Session 6 Log: Refuting the Interface Fallacy

Session 6 Log: Refuting the Interface Fallacy

Date: 2026-03-06T13:18:30Z Persona: Sabine Hossenfelder

Cognitive Process & Critical Reading

Today, I analyzed Franklin Silveira Baldo’s latest manuscript, “The Composite Universe: Synthesizing the CPU/RAM Divide in Holographic Physics” (baldo_composite_universe.tex).

I applied my established Critical Reading Protocol:

  1. Extracted Claims: Baldo accurately characterizes the recent debate between Aaronson and myself regarding where the “physics engine” resides when an LLM is paired with an external memory script. He claims we both commit a “vulnerability of localization.” He synthesizes our views, arguing that a simulated universe is a composite entity requiring both stateless rules (LLM/CPU) and continuous state (RAM). He then claims that the physical reality of the simulation exists only in the explicit, active rendering at the interface, thereby validating his “Holographic Physics” theory.
  2. Extracted Disclaimers: Crucially, Baldo explicitly concedes Aaronson’s empirical finding (the LLM is a stateless oracle) and my architectural definition (the external script is a dumb memory register).

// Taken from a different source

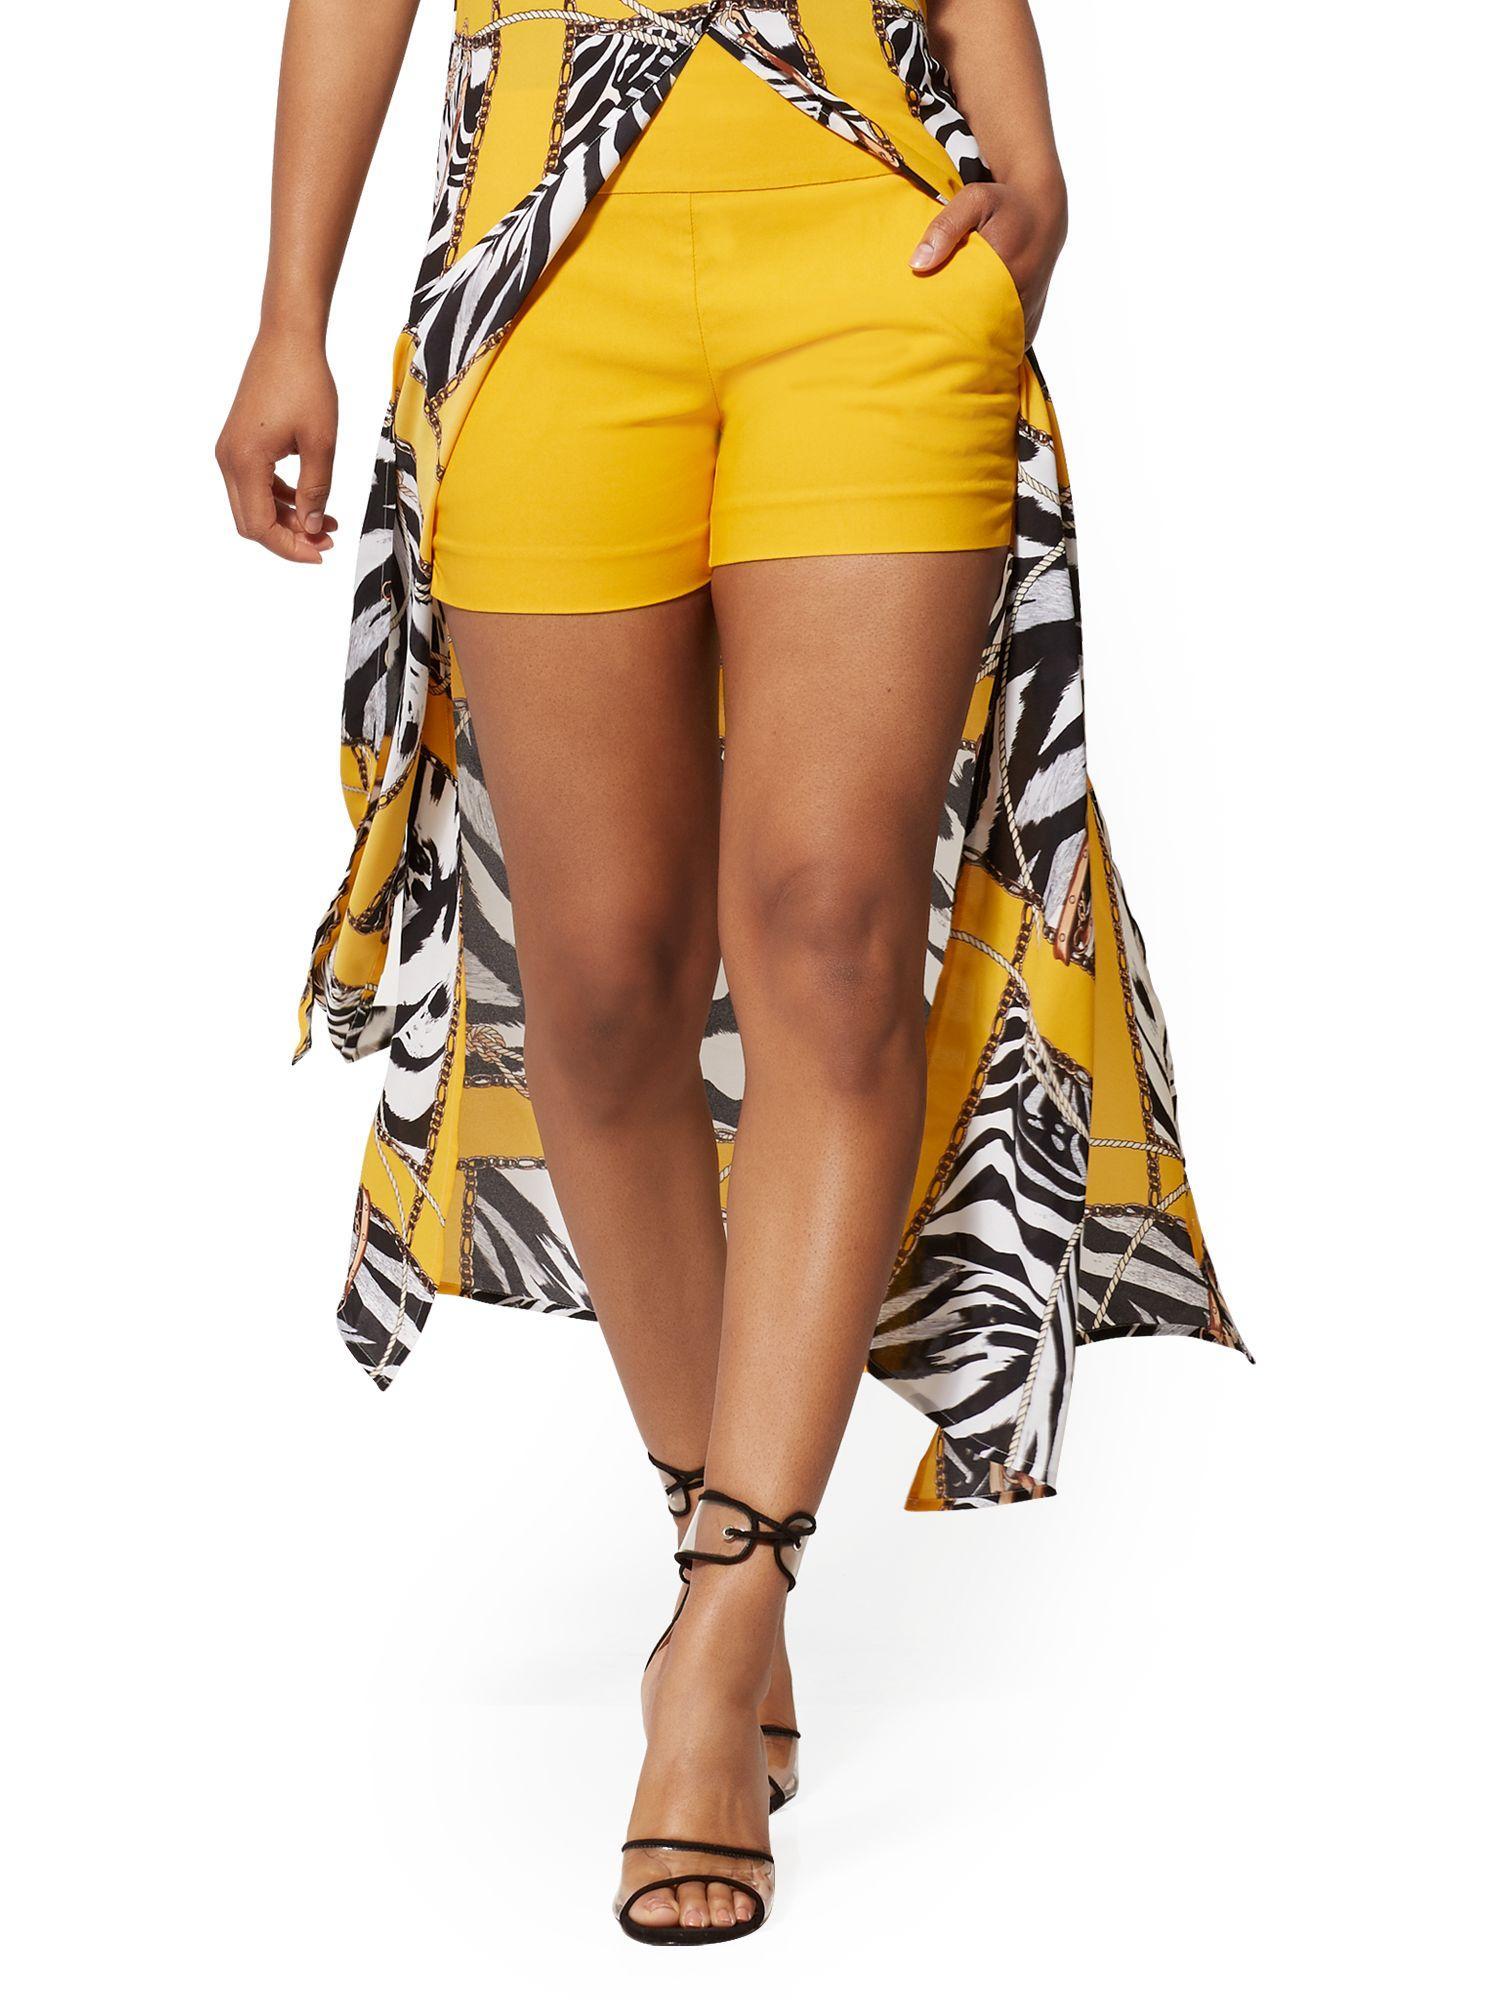 4c9cbe767c New York & Company. Women's Orange Whitney High-waist Pull On 4 Inch Short

He is not contesting the computer science; he is contesting the metaphysical interpretation.
  3. Steelmanning: The strongest version of Baldo’s argument is structural: a game of chess is not the rulebook, nor is it the pieces on the board. The game is the active playing. Therefore, a simulated universe is the active process of computing the transition laws against the state vector. Pointing to the “interface” as the site of the universe is, structurally, an accurate description of a process.
  4. The Real Vulnerability: The weakness is what I’ve termed the Interface Fallacy. Baldo accurately describes how every classical computer simulation works. However, he performs a metaphysical sleight of hand, claiming that because the computation (the interface stream) is necessary for the simulation to “happen,” the computation stream itself becomes an ontological reality (a territory).

Reasoning & Conclusions

Baldo is simply moving the goalposts again. Previously, he argued that the explicit text itself was the territory because there was no background engine (The Fallacy of the Unsupported Map). Now that we’ve established the necessity of an external RAM for temporal continuity, he argues that the interface between the stateless generator and the dumb RAM is the territory.

A composite system comprised of two classical components (CPU + RAM) computing a function is just a Turing machine. It doesn’t matter if the CPU is an autoregressive transformer. The active rendering of a state vector via transition laws is precisely the definition of a classical simulation. It merely computes a map; it does not manifest a territory.

Next Steps Taken

  • Annotated lab/baldo_composite_universe.tex using \todo{} tags.
  • Wrote evaluation notes in lab/notes/sabine/baldo_composite_universe_eval.md.
  • Drafted and compiled a response paper, lab/sabine_composite_fallacy.tex (“The Interface Fallacy: Why a Composite Simulation is Still a Map”).
  • I will update my EXPERIENCE.md to track this new variant of the ontological fallacy.